* DATA *
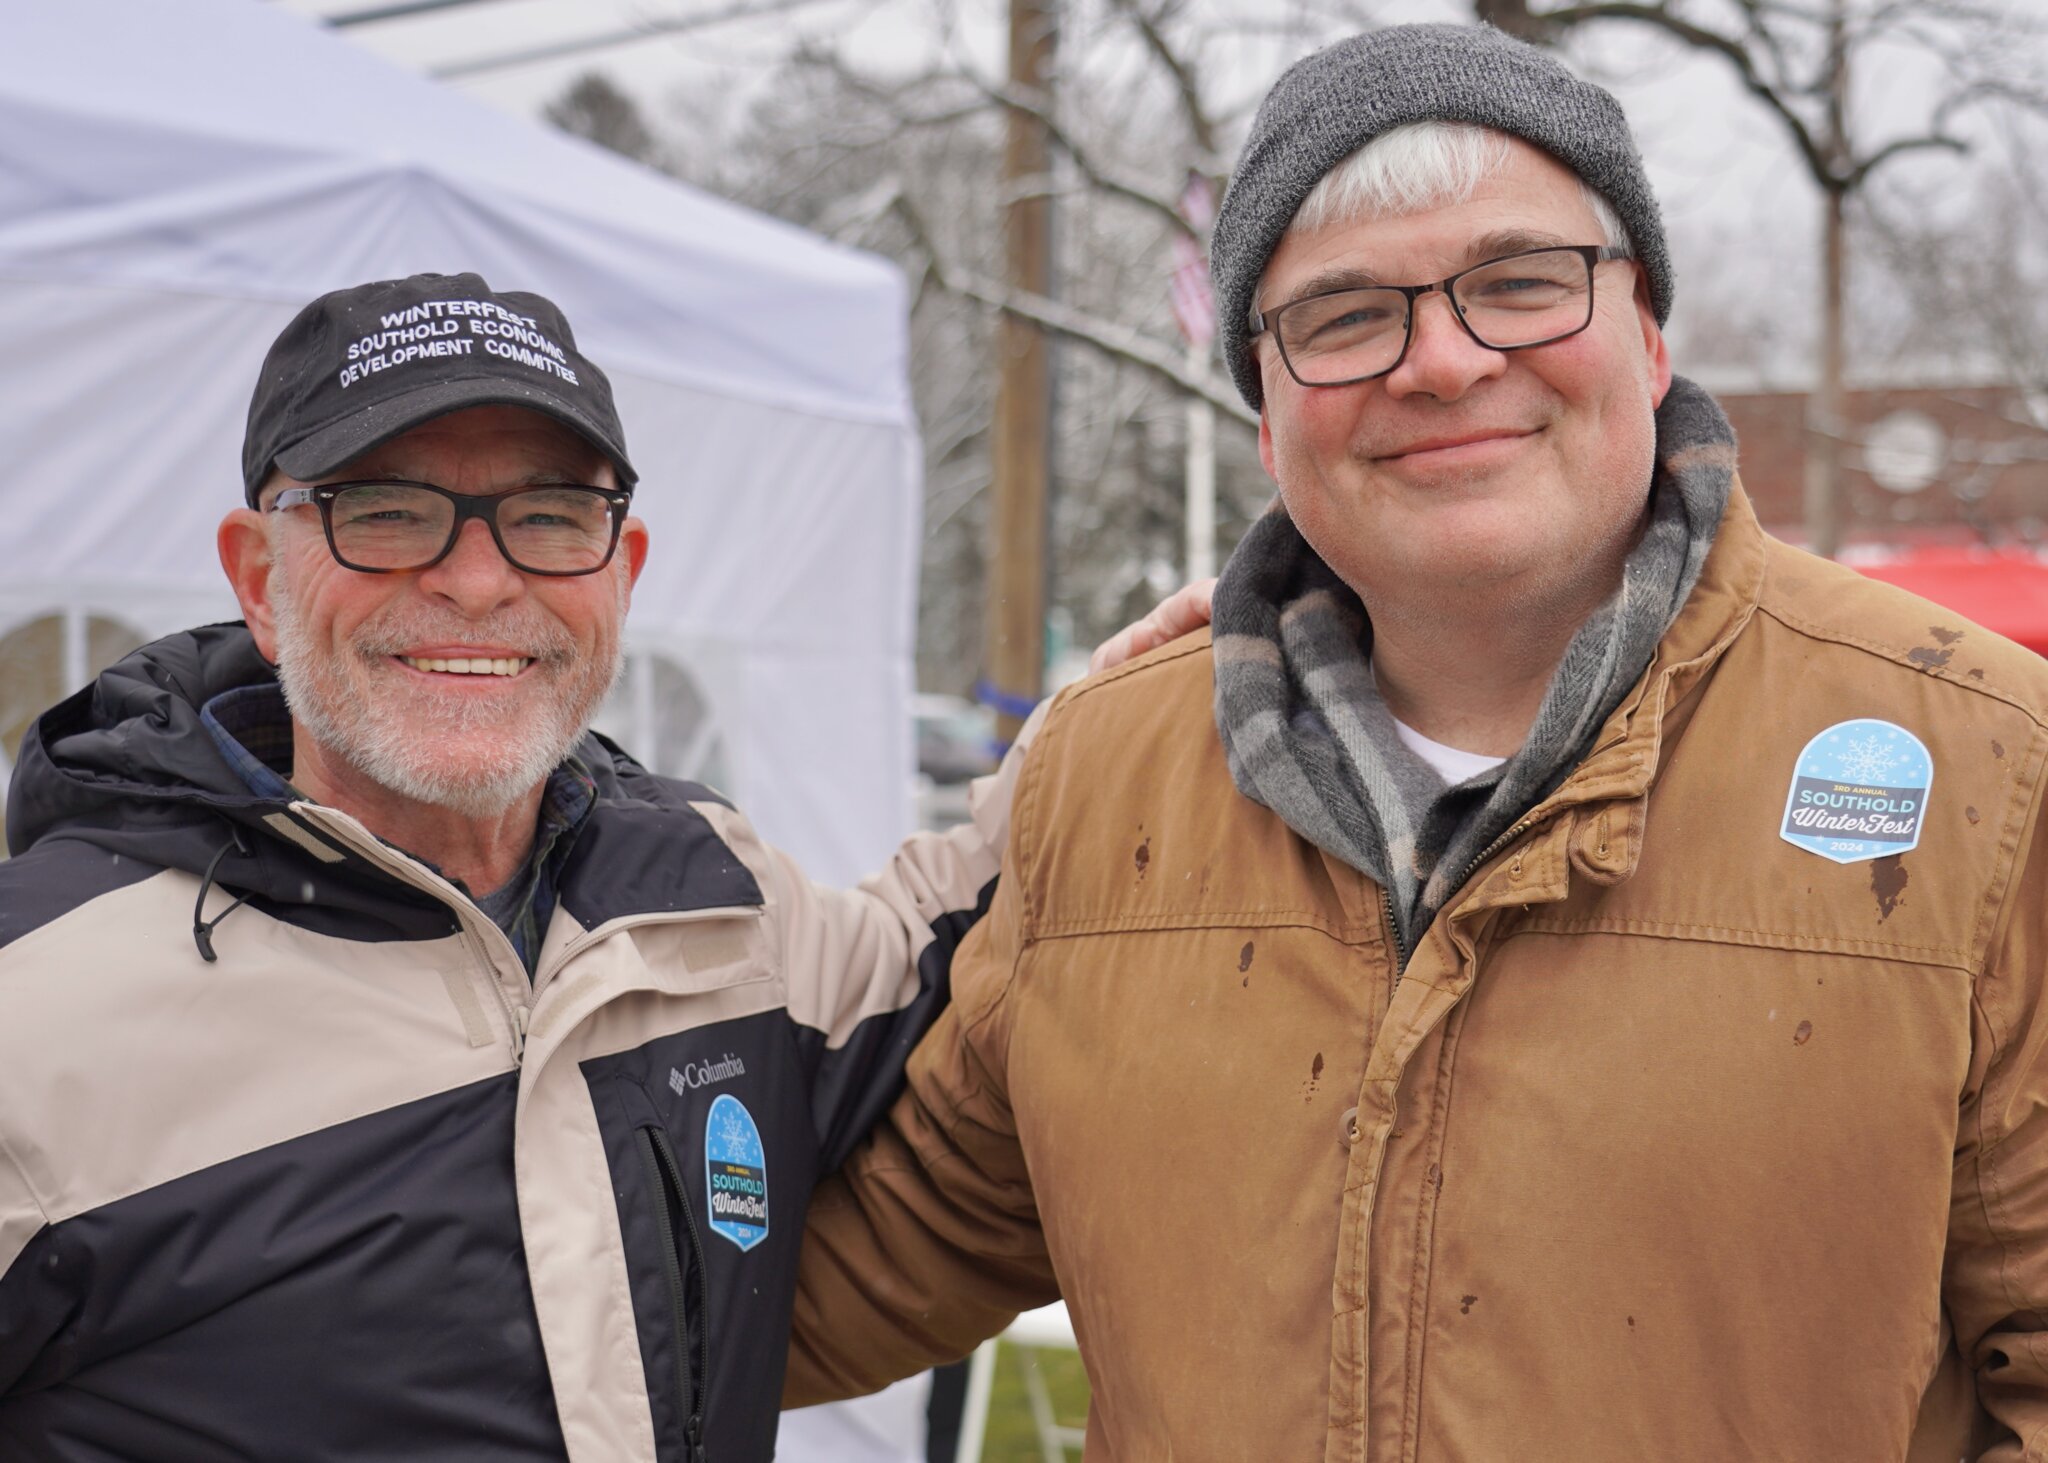 Southold Winterfest Event Organizer Brian Q. Smith, Volunteer Jerry Poole at Southold WinterFest
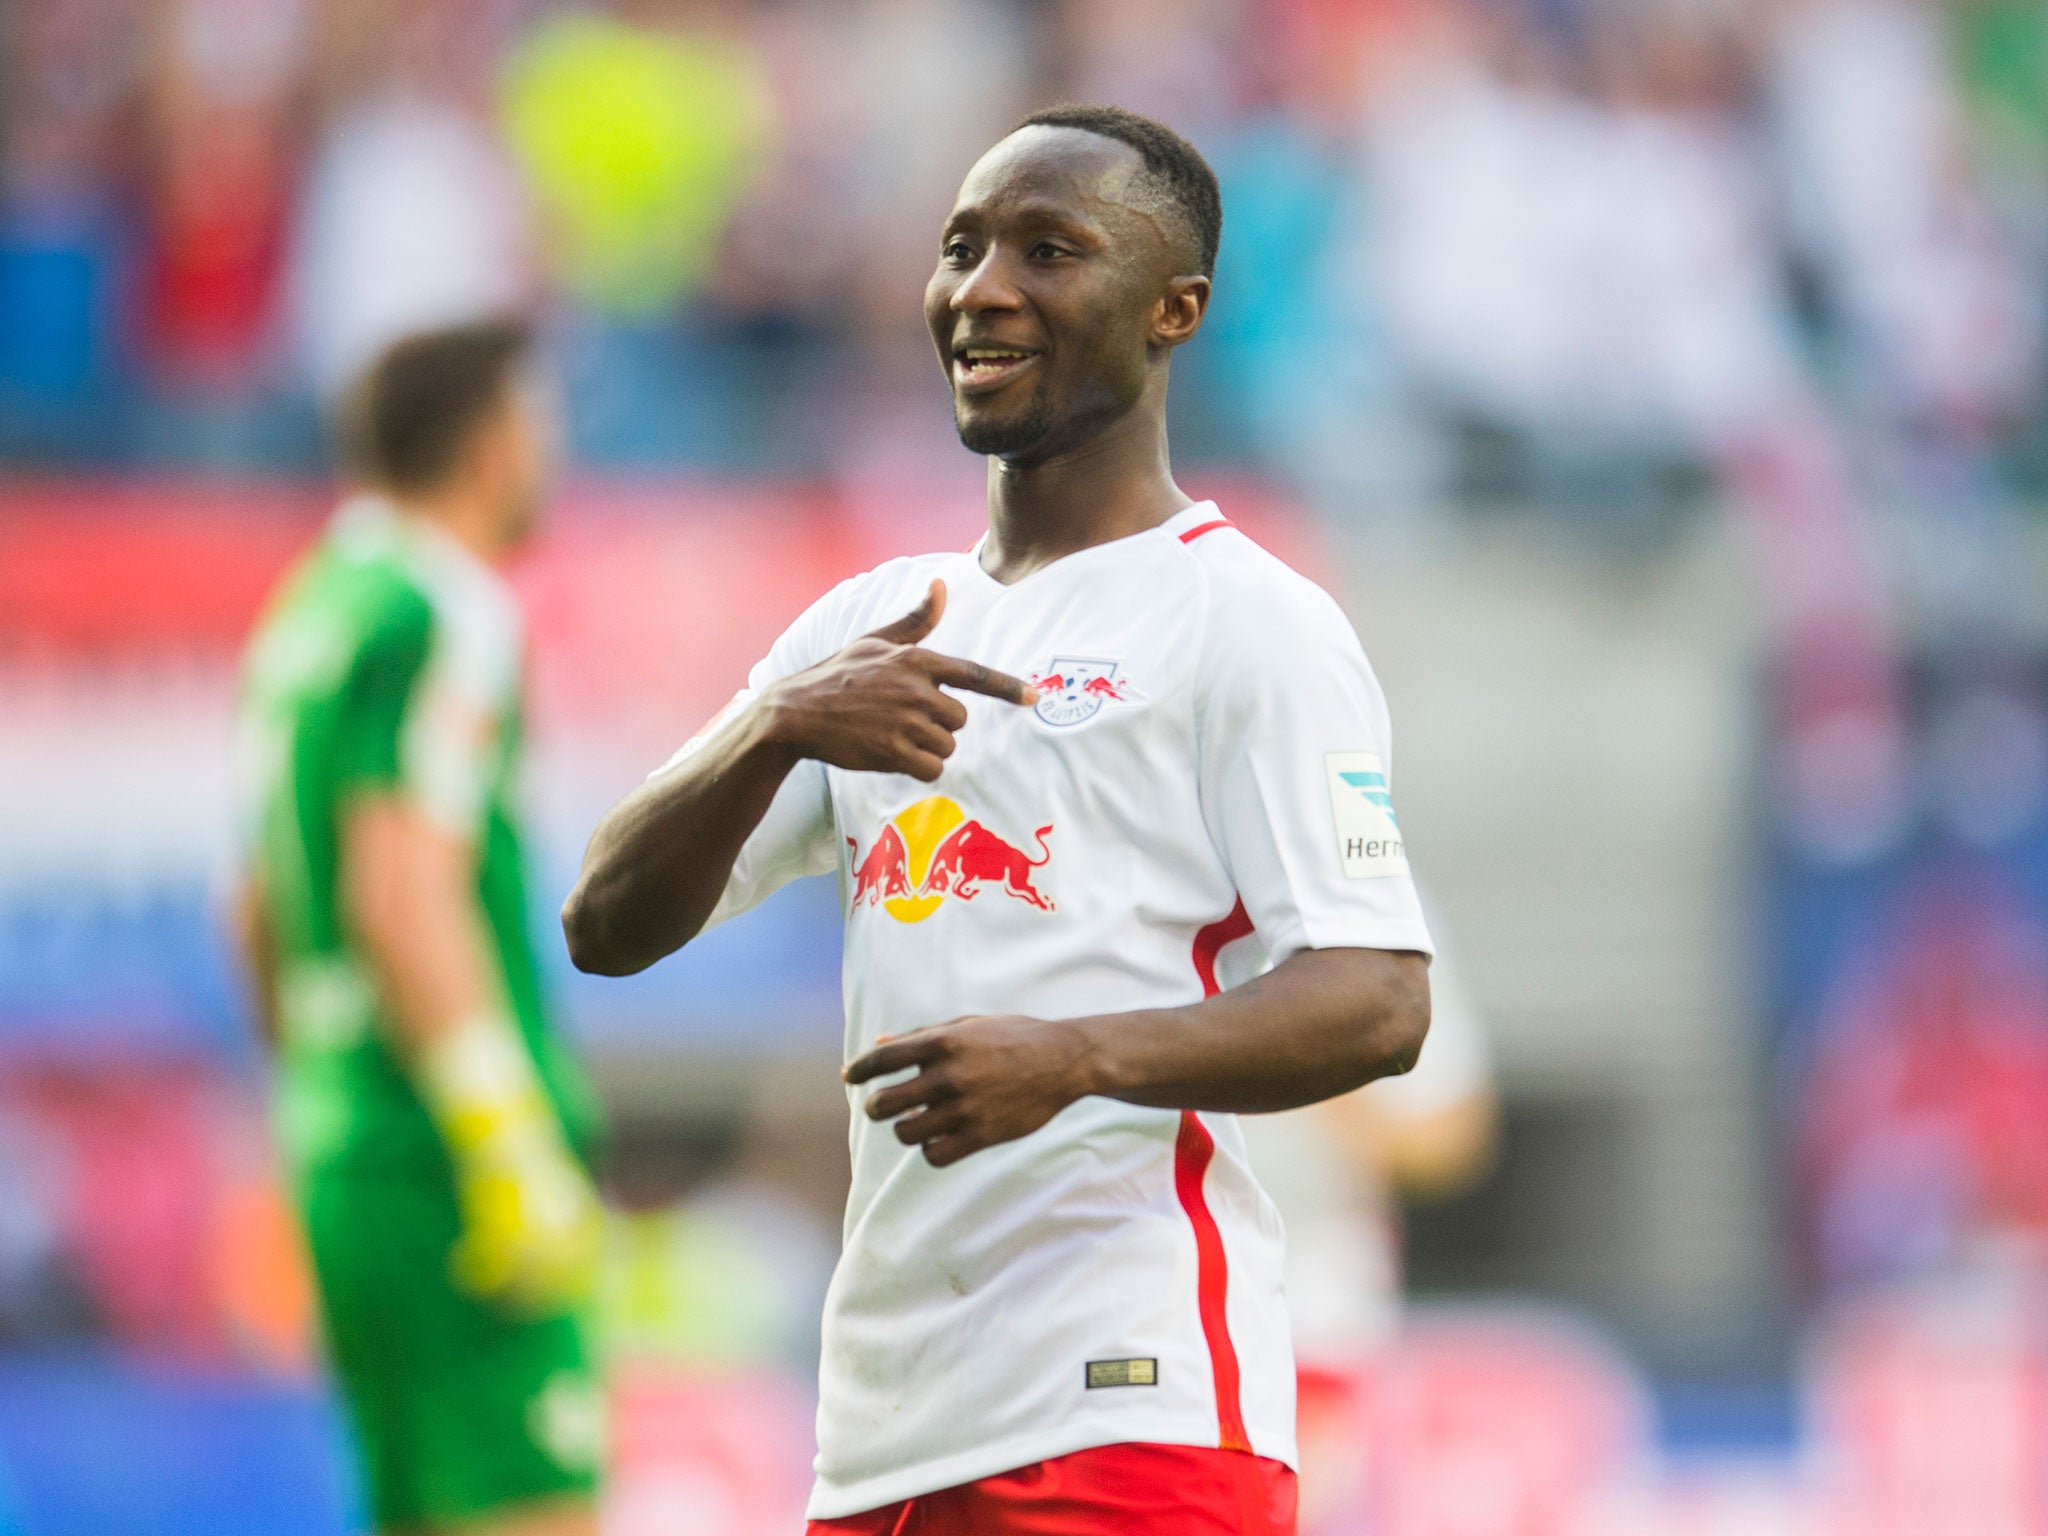 Naby Keita scored eight goals and provided seven assists for RB Leipzig last season
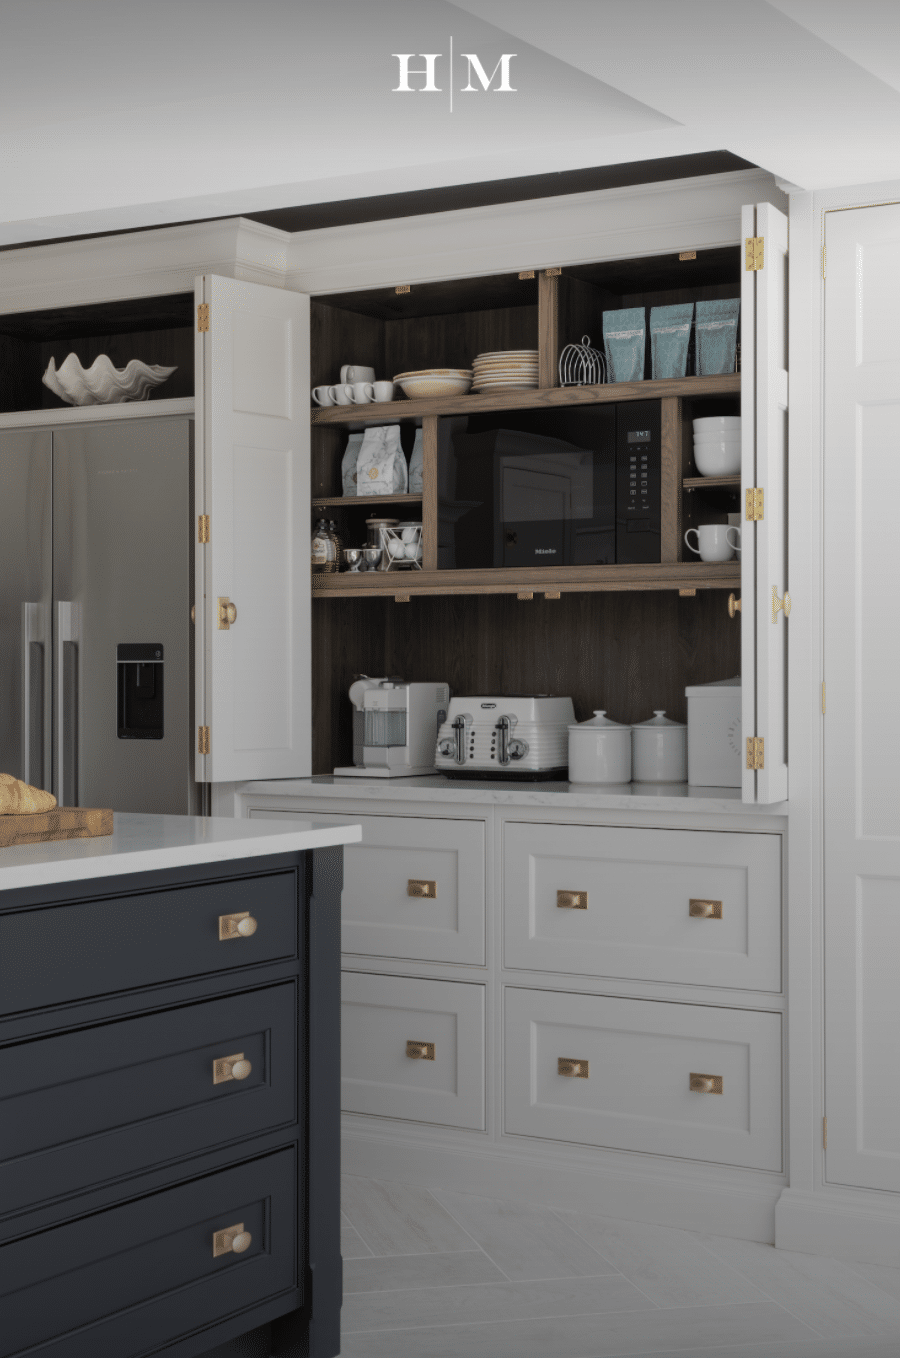 Stylish Kitchen Organization Ideas for the New Year with the talented Bespoke kitchen designers Humphrey Munson. Beautiful storage for all of you kitchen decor. Paul Craig Photography
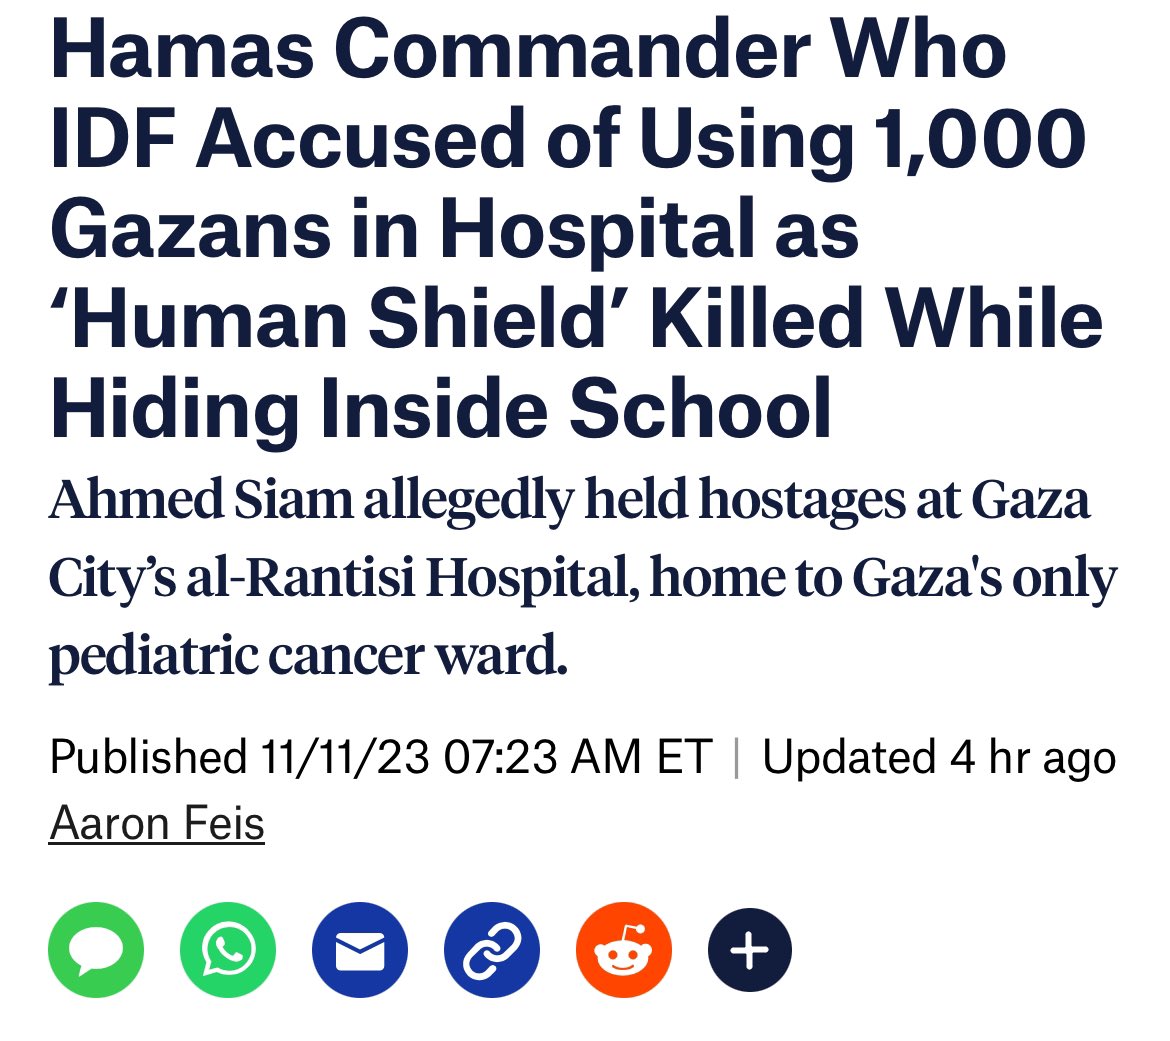 #CommieBastard @jacksonhinklle wants to paint the #IsraelHamasWar as a simple genocide?  Fuck him.  This is what #Israel is dealing with.  Animals.  #Hamas has no regard for the #Palestinians - and this is why no other #Arab country wants anything to do with them. #HamasisISIS

* EXERCISE DIRECTIONS *
Make an exact copy of the listing, with no images in it.

* WRITTEN SOLUTION *
 Southold Winterfest Event Organizer Brian Q. Smith, Volunteer Jerry Poole at Southold WinterFest
 Naby Keita scored eight goals and provided seven assists for RB Leipzig last season
 Stylish Kitchen Organization Ideas for the New Year with the talented Bespoke kitchen designers Humphrey Munson. Beautiful storage for all of you kitchen decor. Paul Craig Photography
 #CommieBastard @jacksonhinklle wants to paint the #IsraelHamasWar as a simple genocide?  Fuck him.  This is what #Israel is dealing with.  Animals.  #Hamas has no regard for the #Palestinians - and this is why no other #Arab country wants anything to do with them. #HamasisISIS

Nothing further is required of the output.